Under the null hypothesis of homogeneity, the iid samples $X_1,\ldots,X_n\sim F$ and $Y_1,\ldots,Y_m\sim G$ have the same distributions. Therefore, since both samples are assumed to be independent from each other,²⁵⁹ they are exchangeable under $H_0:F=G$. This means that, for example, the random vector $(X_1,\ldots,X_{\min(n,m)})^\top$ has the same distribution as $(Y_1,\ldots,Y_{\min(n,m)})^\top$ under $H_0.$ More generally, each of the $p!$ random subvectors of length $p\leq n+m$ that can be extracted without repetitions from $(X_1,\ldots,X_n,Y_1,\ldots,Y_m)^\top$ have the exact same distribution under $H_0.$²⁶⁰ This revelation motivates a resampling procedure that is similar in spirit to the bootstrap seen in Section 6.1.3, yet it is much simpler as it does not require parametric estimation: permutations.

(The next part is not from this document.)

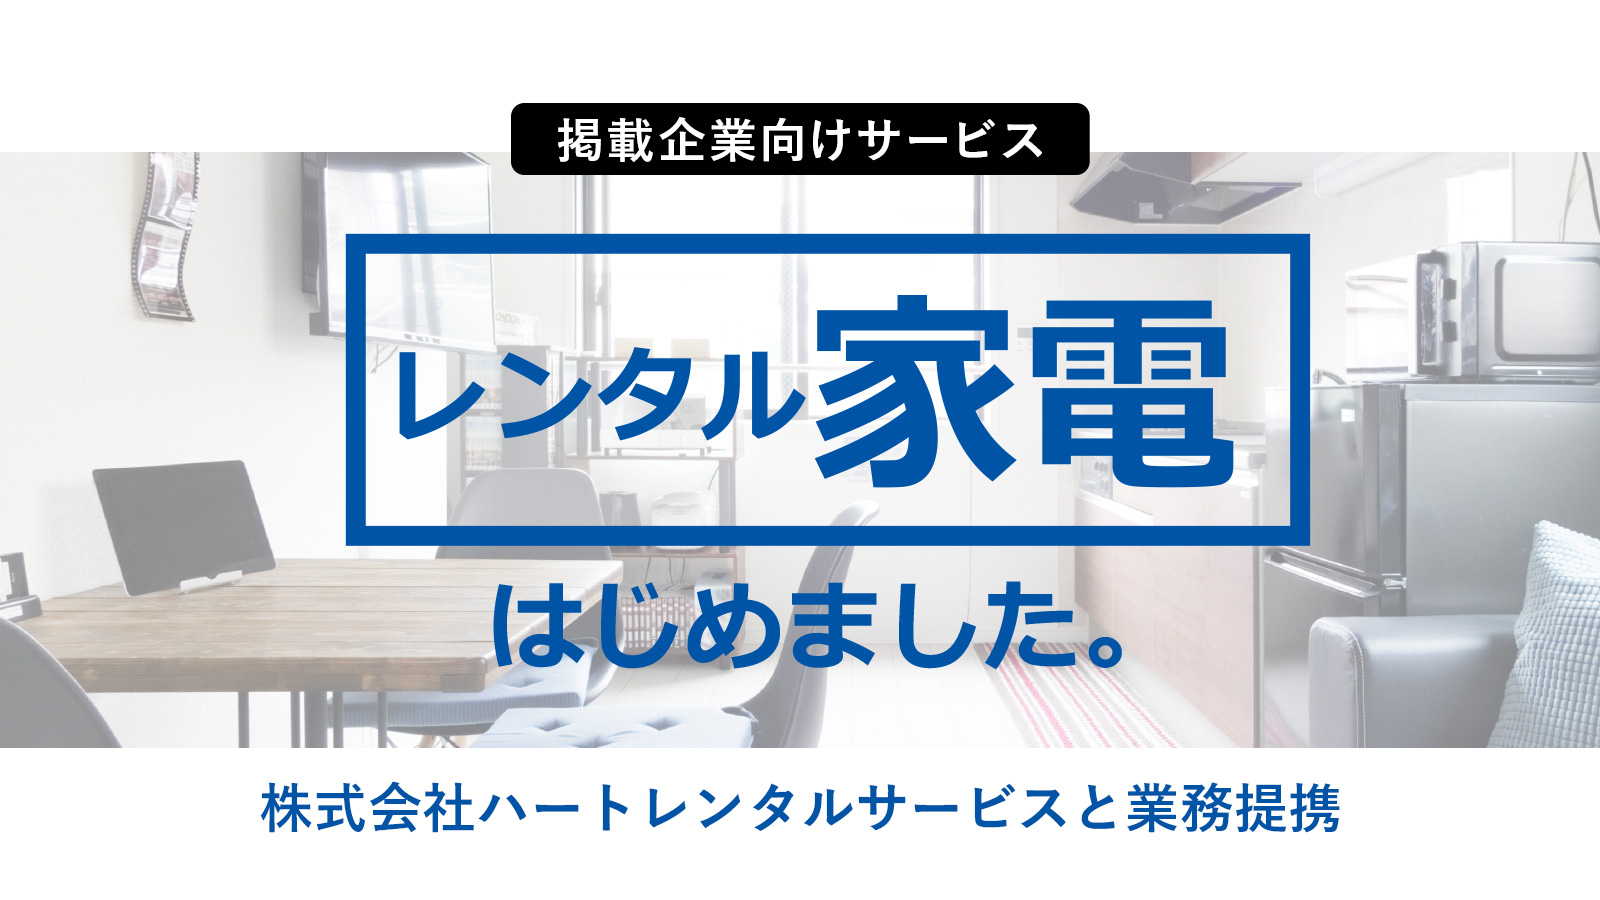 【PR】掲載会社向けにレンタル家電サービスを開始いたしました

We consider an $N$-permutation function $\sigma:\{1,\ldots,N\}\longrightarrow \{1,\ldots,N\}.$ This function is such that $\sigma(i)=j,$ for certain $i,j\in\{1,\ldots,N\}.$ The number of $N$-permutations quickly becomes extremely large, as there are $N!$ of them.²⁶¹ As an example, if $N=3,$ there exist $3!=6$ possible $3$-permutations $\sigma_1,\ldots,\sigma_6$:

$i$	$\sigma_1(i)$	$\sigma_2(i)$	$\sigma_3(i)$	$\sigma_4(i)$	$\sigma_5(i)$	$\sigma_6(i)$
$1$	$1$	$1$	$2$	$2$	$3$	$3$
$2$	$2$	$3$	$1$	$3$	$1$	$2$
$3$	$3$	$2$	$3$	$1$	$2$	$1$

Using permutations, it is simple to specify that, for any $(n+m)$-permutation $\sigma,$ under $H_0,$

\[\begin{align} (Z_{\sigma(1)},\ldots,Z_{\sigma(n+m)}) \stackrel{d}{=} (Z_1,\ldots,Z_{n+m}), \tag{6.26} \end{align}\]

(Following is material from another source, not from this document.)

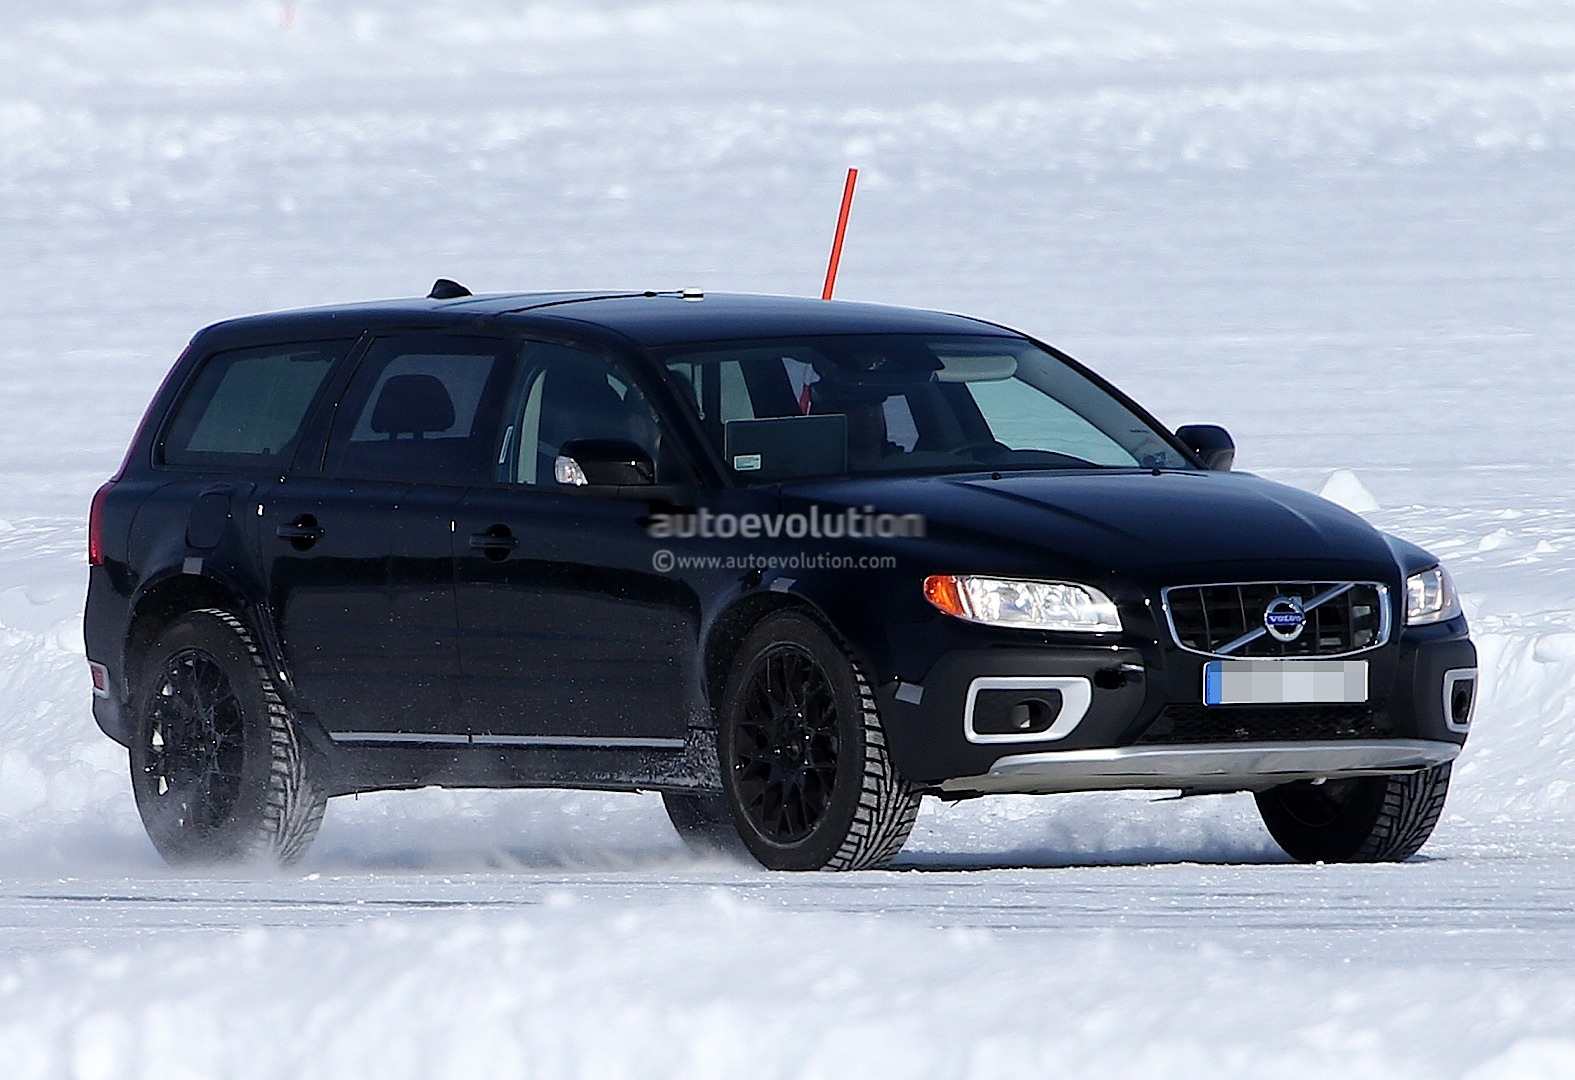 Next-Generation Volvo XC90 Coming in 2014 - autoevolution

where we use the standard notation for the pooled sample, $Z_i=X_i$ and $Z_{j+n}=Y_j$ for $i=1,\ldots,n$ and $j=1,\ldots,m.$ A very important consequence of (6.26) is that, under $H_0,$

\[\begin{align*} T_{n,m}(Z_{\sigma(1)},\ldots,Z_{\sigma(n+m)})\stackrel{d}{=}T_{n,m}(Z_1,\ldots,Z_{n+m}) \end{align*}\]

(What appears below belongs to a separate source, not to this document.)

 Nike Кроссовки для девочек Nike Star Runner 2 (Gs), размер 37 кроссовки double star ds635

for any proper test statistic $T_{n,m}$ for $H_0:F=G.$ Therefore, denoting $T_{n,m}\equiv T_{n,m}(Z_1,\ldots,Z_{n+m})$ and $T^{\sigma}_{n,m}\equiv T_{n,m}(Z_{\sigma(1)},\ldots,Z_{\sigma(n+m)}),$ it happens that $\mathbb{P}[T_{n,m}\leq x] = \mathbb{P}[T^\sigma_{n,m}\leq x].$ Hence, it readily follows that

\[\begin{align} \mathbb{P}[T_{n,m}\leq x]=\frac{1}{(n+m)!}\sum_{k=1}^{(n+m)!} \mathbb{P}[T^{\sigma_k}_{n,m}\leq x], \tag{6.27} \end{align}\]

where $\sigma_k$ is the $k$-th out of $(n+m)!$ permutations.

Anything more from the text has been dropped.